Ed Boerema, CEO Alticom
Sinds 2009 exploiteert Alticom datacenters in de voormalige telecomtorens van de PTT die de verbinding regelden voor grote mediaorganisaties. Het blijkt een goede match. Niet alleen wordt zo verder ongebruikte vloerruimte handig aangewend, ook kan Alticom een scharnierpunt bieden voor de voorheen gescheiden en toch onderling afhankelijke disciplines van informatievoorziening en communicatie.
De colocatiediensten die Alticom biedt zijn van oudsher gericht op dezelfde organisaties die al van de torens gebruik maakten: de omroepen die van de masten gebruikmaken voor het sturen van signalen. Daar zijn de locaties ook uitstekend voor geschikt, zo vertelt Ed Boerema, CEO van Alticom. “Omroepzenders worden al sinds jaar en dag gekoeld met buitenlucht”, begint hij. De eerste dergelijke faciliteit die Alticom opende in 2009 in Zwolle liep op dat punt dus al voor op andere datacenters. In de muur van die toren zaten al bepaalde filters geïnstalleerd. “Je kunt je ook voorstellen dat omroepen hoge elektrische vermogens, een hoge capaciteit en een robuuste aansluiting op het net nodig hebben. De torens zijn dus direct op het regionale 10-kilovoltnet aangesloten. Ze beschikken ook direct over noodstroom en no-break.”

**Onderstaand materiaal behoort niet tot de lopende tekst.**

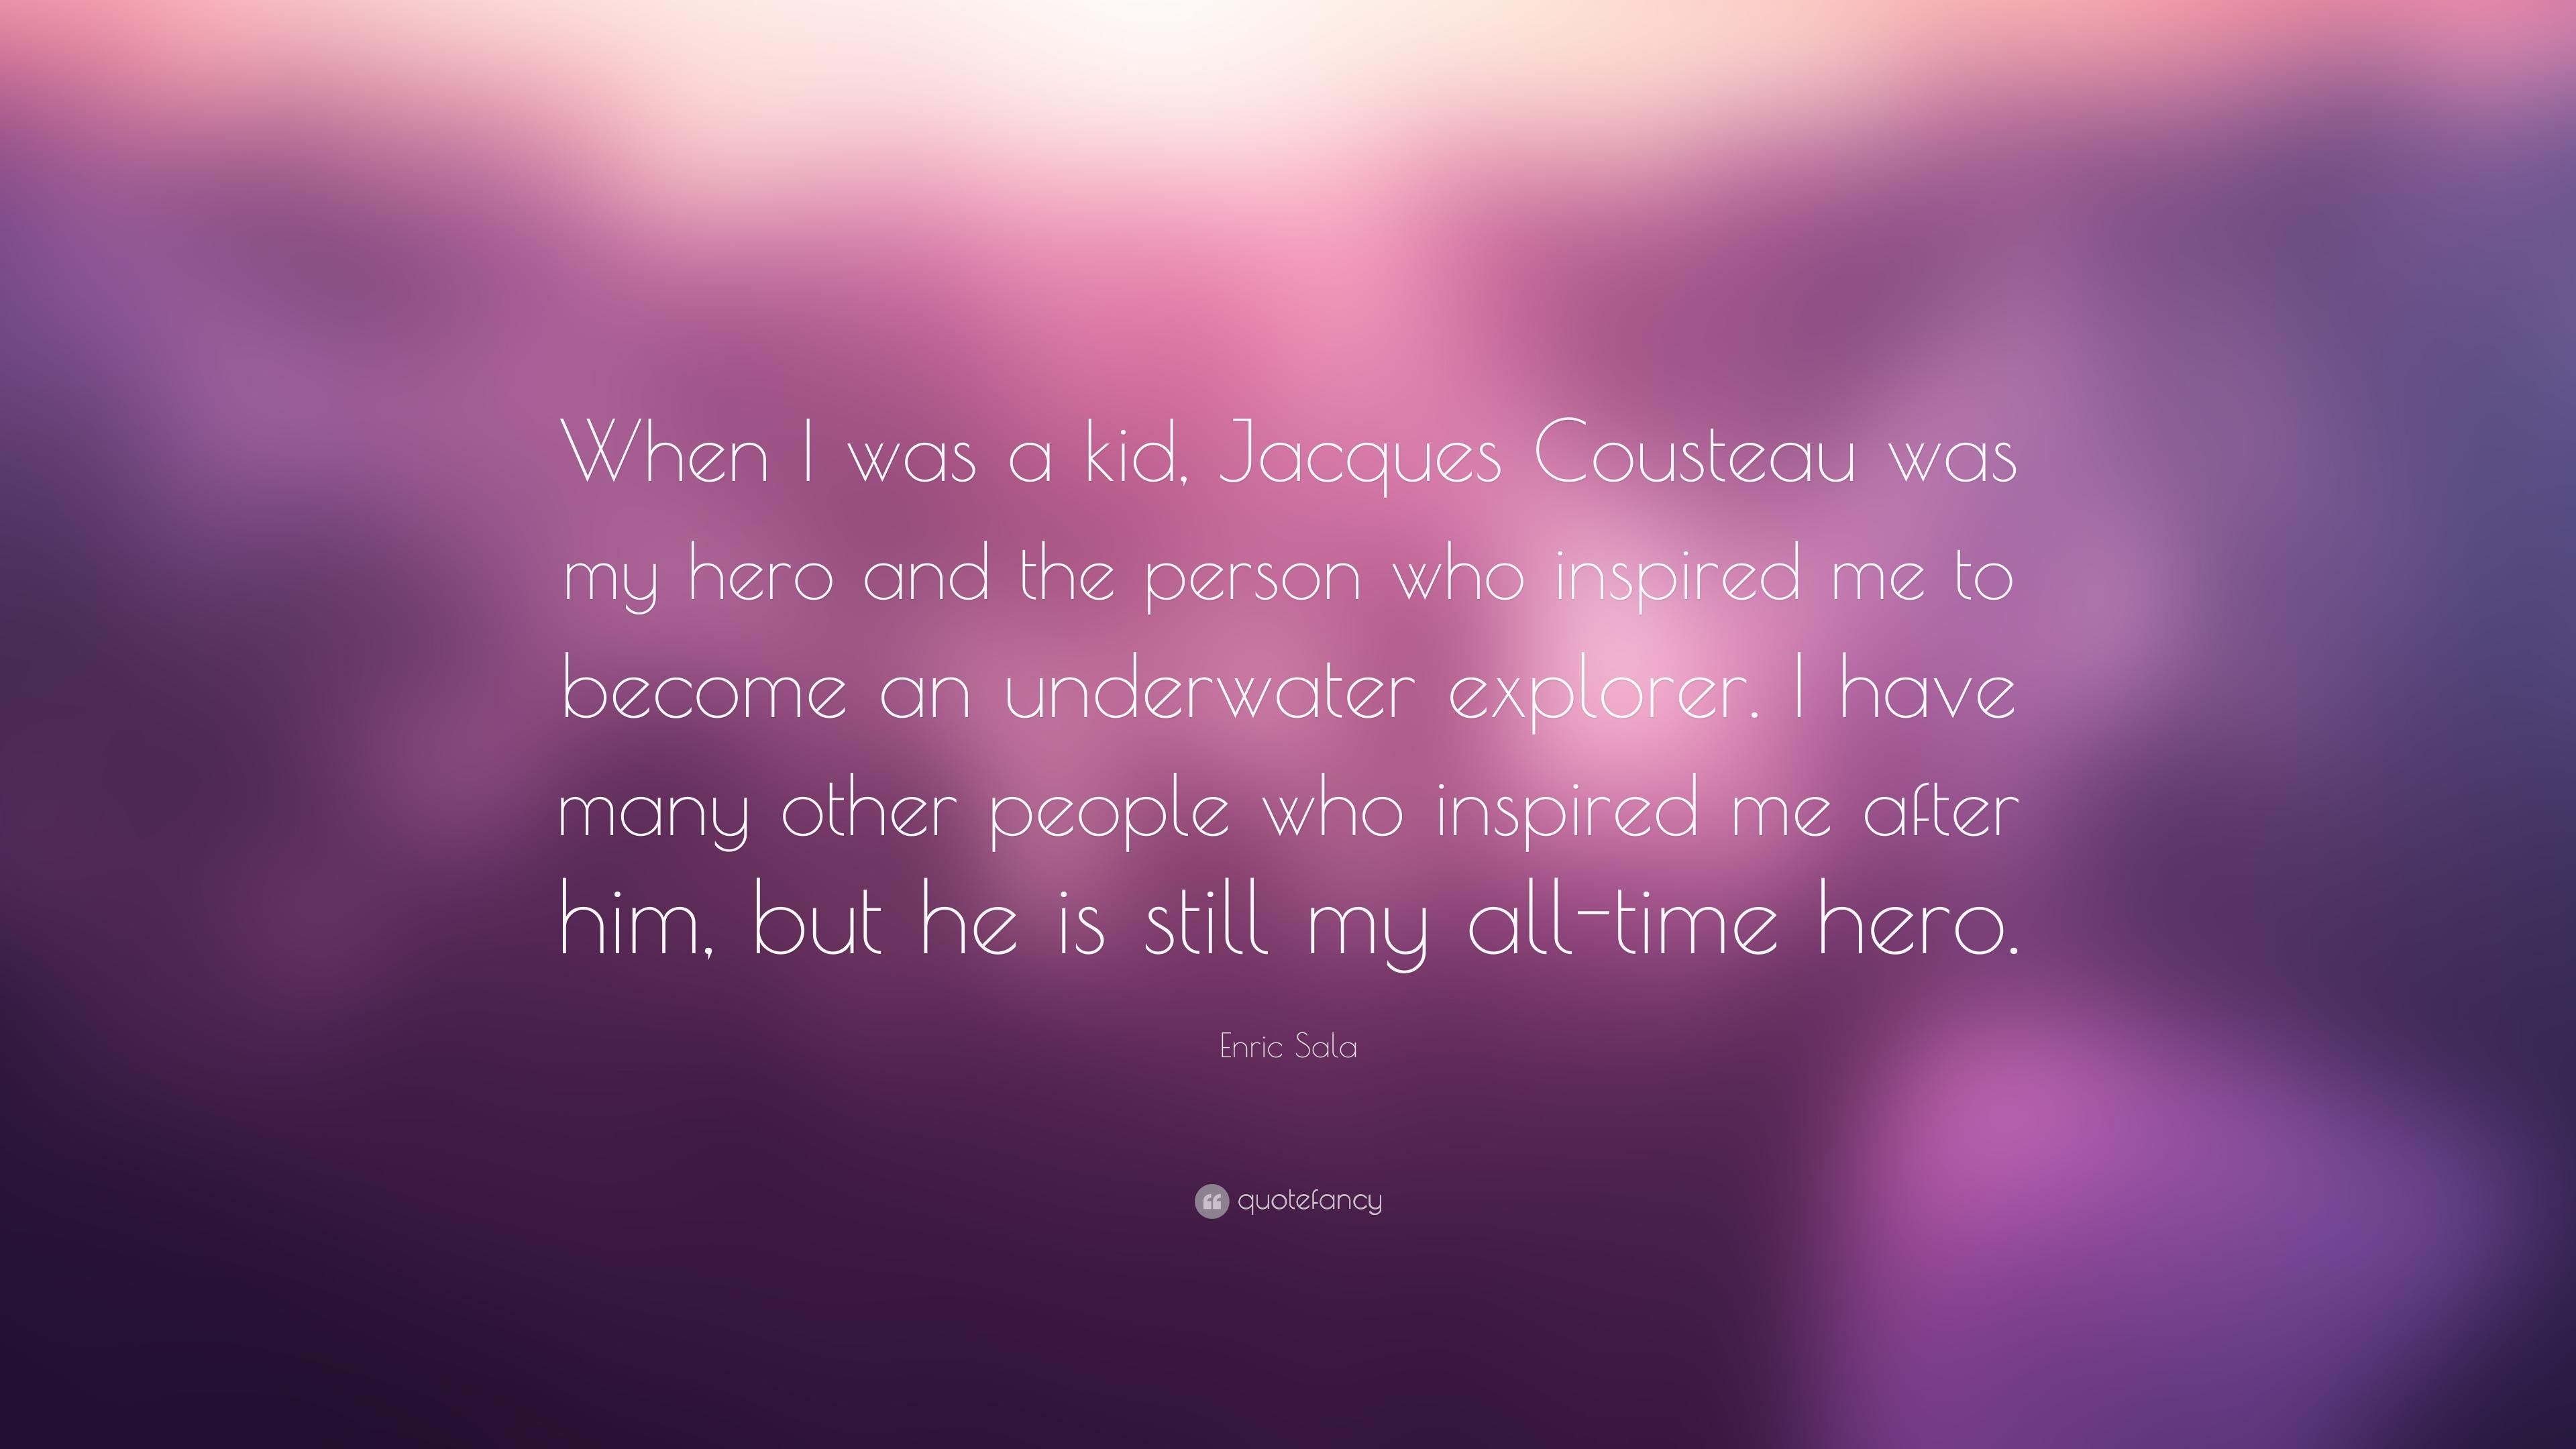 Enric Sala Quote: “When I was a kid, Jacques Cousteau was my hero

Zo hebben de beheerders van Alticom ook veel ervaring opgebouwd met het omgaan van een hoge dichtheid van elektriciteit en warmte in een kleine ruimte. “Het aanbieden van de diensten was daarom een logische stap in de verzelfstandiging van het bedrijf van KPN.”
Tier III
Die verzelfstandiging is in 2007 ingezet om door te kunnen ontwikkelen op de commerciële markt. De torens maakten vroeger deel uit van PTT, later KPN. “Dat bedrijf had de opdracht niet om dat soort diensten in de torens te ontwikkelen. Wij hebben bij de oprichting wel meteen een commerciële positie gekozen”, zegt Boerema. “Ook in de positionering ten opzichte van de klanten hebben we veel geïnvesteerd, zoals het behalen van alle gewenste certificaten en kwaliteits- eisen. We nemen op de eerste plaats een verantwoordelijkheid tegenover de klant, dus we laten ons leiden door hun wensen en noden.”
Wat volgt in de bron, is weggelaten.